## Requirement:
Down to the last line, set down the material below exactly; skip the pictures.

## Recorded information:
* * *

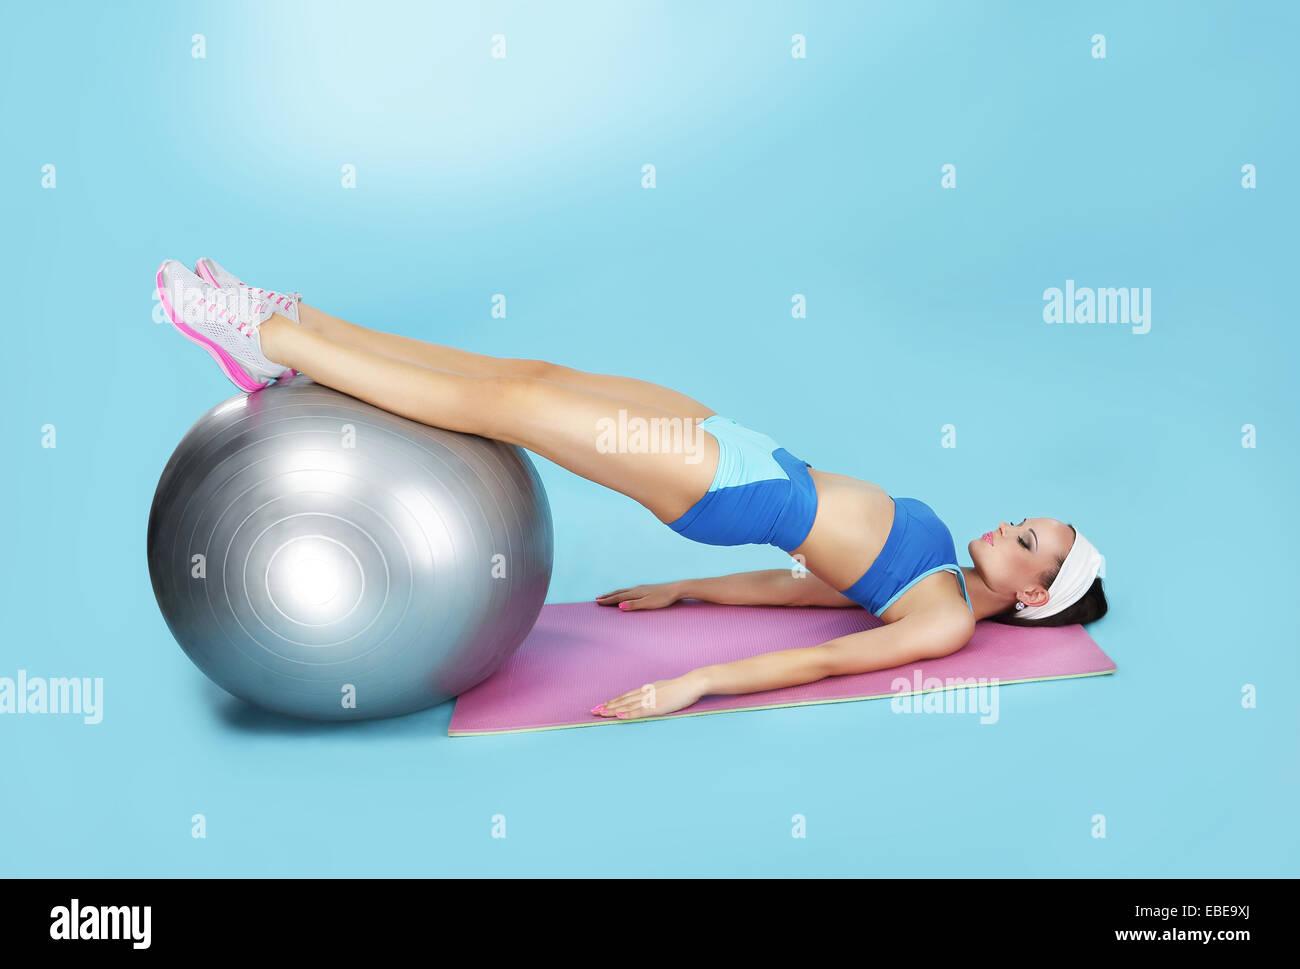 Ejercicio abdominal. Mujer deportiva con Pelota Fitness Imagen De Stock
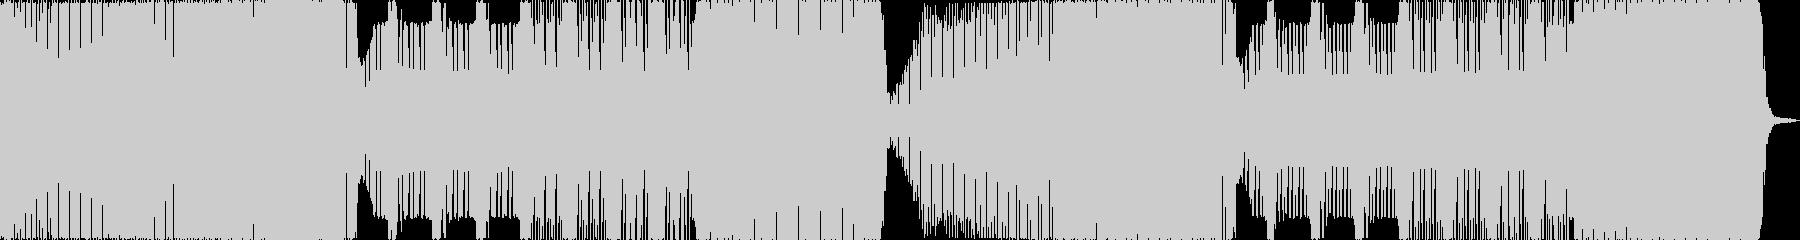 zeddのようなシンプルで乾いたEDMの未再生の波形
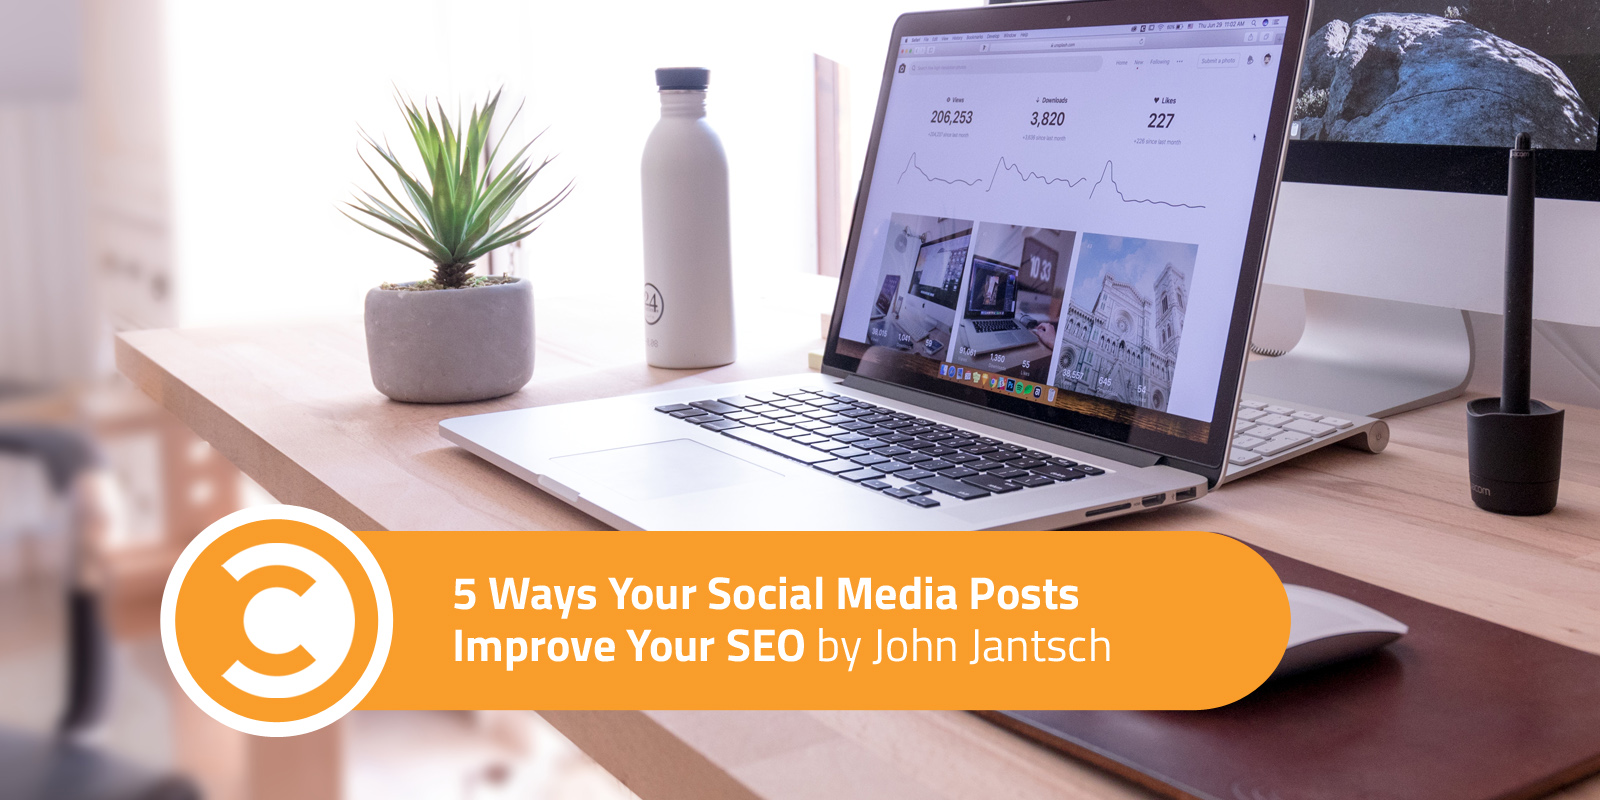 5 Ways Your Social Media Posts Improve Your SEO
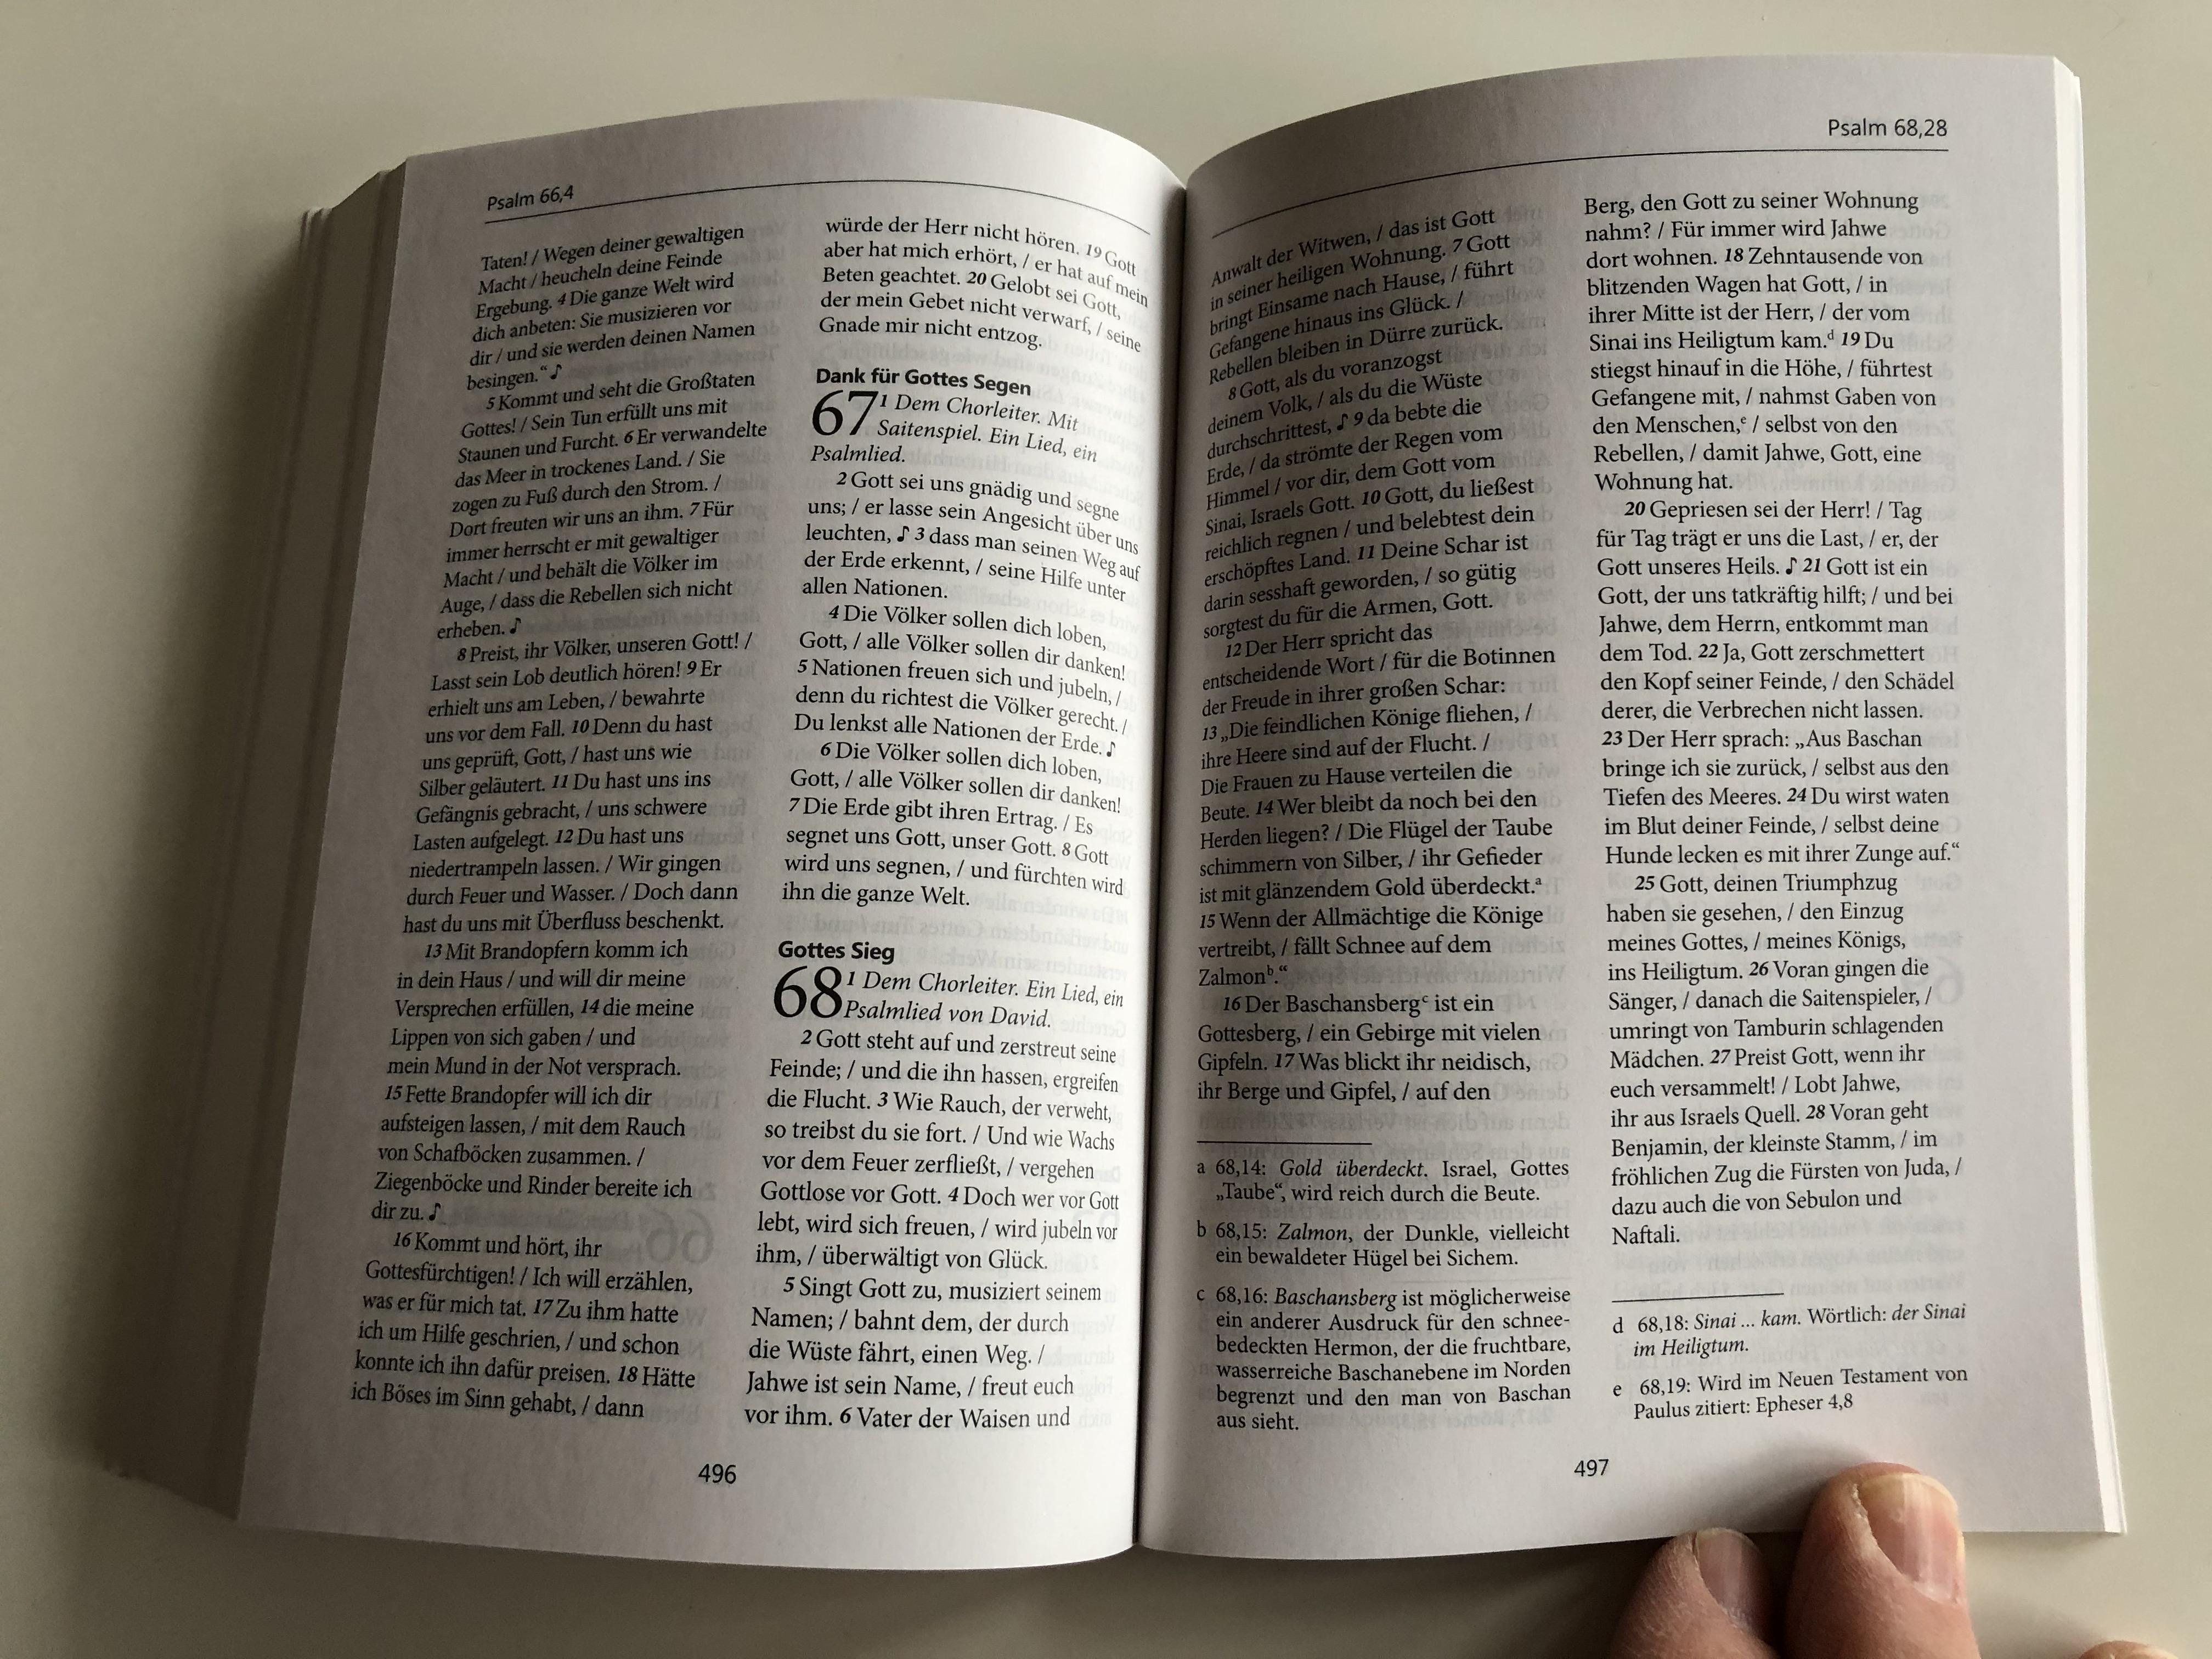 bibel.heute-german-language-nt-with-psalms-8.jpg
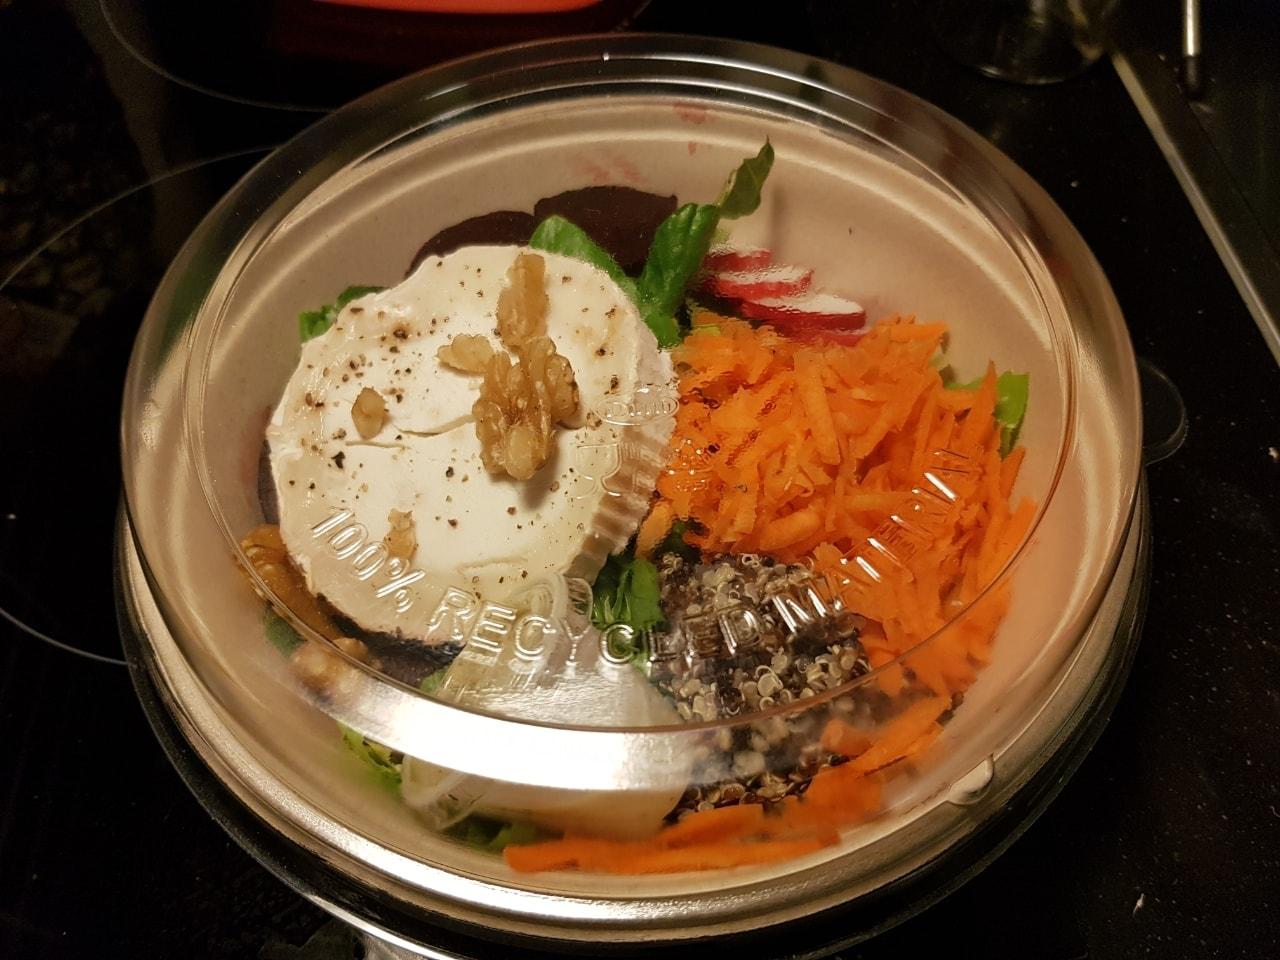 Vegetarian salad from Caffe Nero

* * *

## Result of the exercise:
 Ejercicio abdominal. Mujer deportiva con Pelota Fitness Imagen De Stock
 zeddのようなシンプルで乾いたEDMの未再生の波形
 5 Ways Your Social Media Posts Improve Your SEO
 bibel.heute-german-language-nt-with-psalms-8.jpg
 Vegetarian salad from Caffe Nero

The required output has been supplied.